To me, your photos have a very urban feel to them, and in general for an urban flair they're good.  I think you're off to a great start.  For a portfolio I think you would do well to include some more "elegant" shots - dress your subjects up more for portraits than urban, and find some areas in parks with flowers, trees, or shrubs as backgrounds; or take a make-shift background on location with you.  Learn and work on using the natural light around you mixed with a speedlight (or two).  Learning to place, use & blend flash lighting with ambient (natural) lighting to create different moods in your photos is going to be huge for you.

This would go a long ways to showing you have versatility & creativity - that you can think out of the box, create photos,  and tell a story with them, not simply just click a shutter button.


----------



## vintagesnaps

I'd keep working on composition etc. I don't see why you can't keep shooting outdoors and keep an eye out for some studio opportunity in the future. 

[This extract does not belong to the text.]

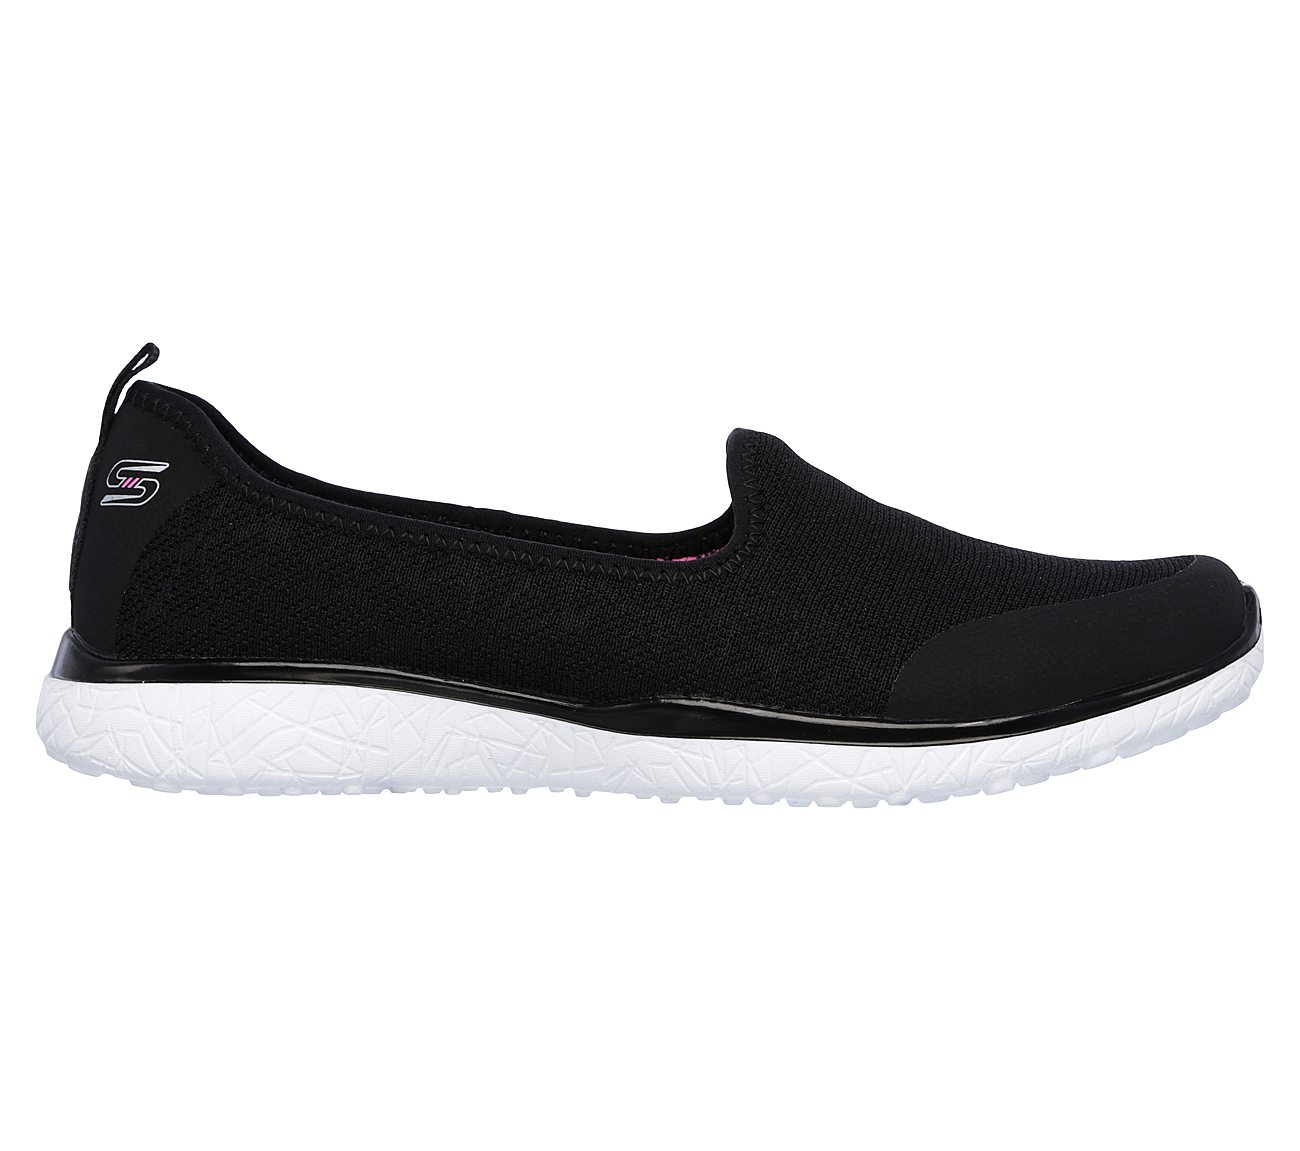 Buy SKECHERS Microburst - It's My Life Comfort Shoes Shoes

I like the rooftop idea, I'd think about vantage point and notice backgrounds, take a step or two and think about how that changes the perspective. I like the last one of that set, although I can't decide if I like the subject leaning against the pole or not. But that's a great place to get more than one photo by making sometimes a slight difference in vantage point. Try playing around with it some if you have a subject who's willing for you to take some time to try out different vantage points, etc. 

I'd work on noticing details too, in the one portrait I'd either have the hair a little spiky or comb it down, but it looks unintentional to have a few flyaway hairs sticking up. With the first one of the young woman, I'd think about where to place her in relation to the cars; they aren't that interesting and just seem to be visually distracting. I'd think more interesting doorway and brick, less cars, and maybe flip the camera to frame it vertically. Even if the background's out of focus, there can be blobs of shape and color there that need to be considered in the composition. 

Do you ever look at the Photo District News? They do have a student discount of half off subscriptions, although part of each issue you can see on their website. http://www.pdnonlne.com 

Are you familiar with Photoville? might be worth checking out if you can get there.

Maybe get to photography events if/when you can, I've found you never know what you might learn or who you might meet or if it could lead to an opportunity. If nothing else there may be little snacks on toothpicks.


----------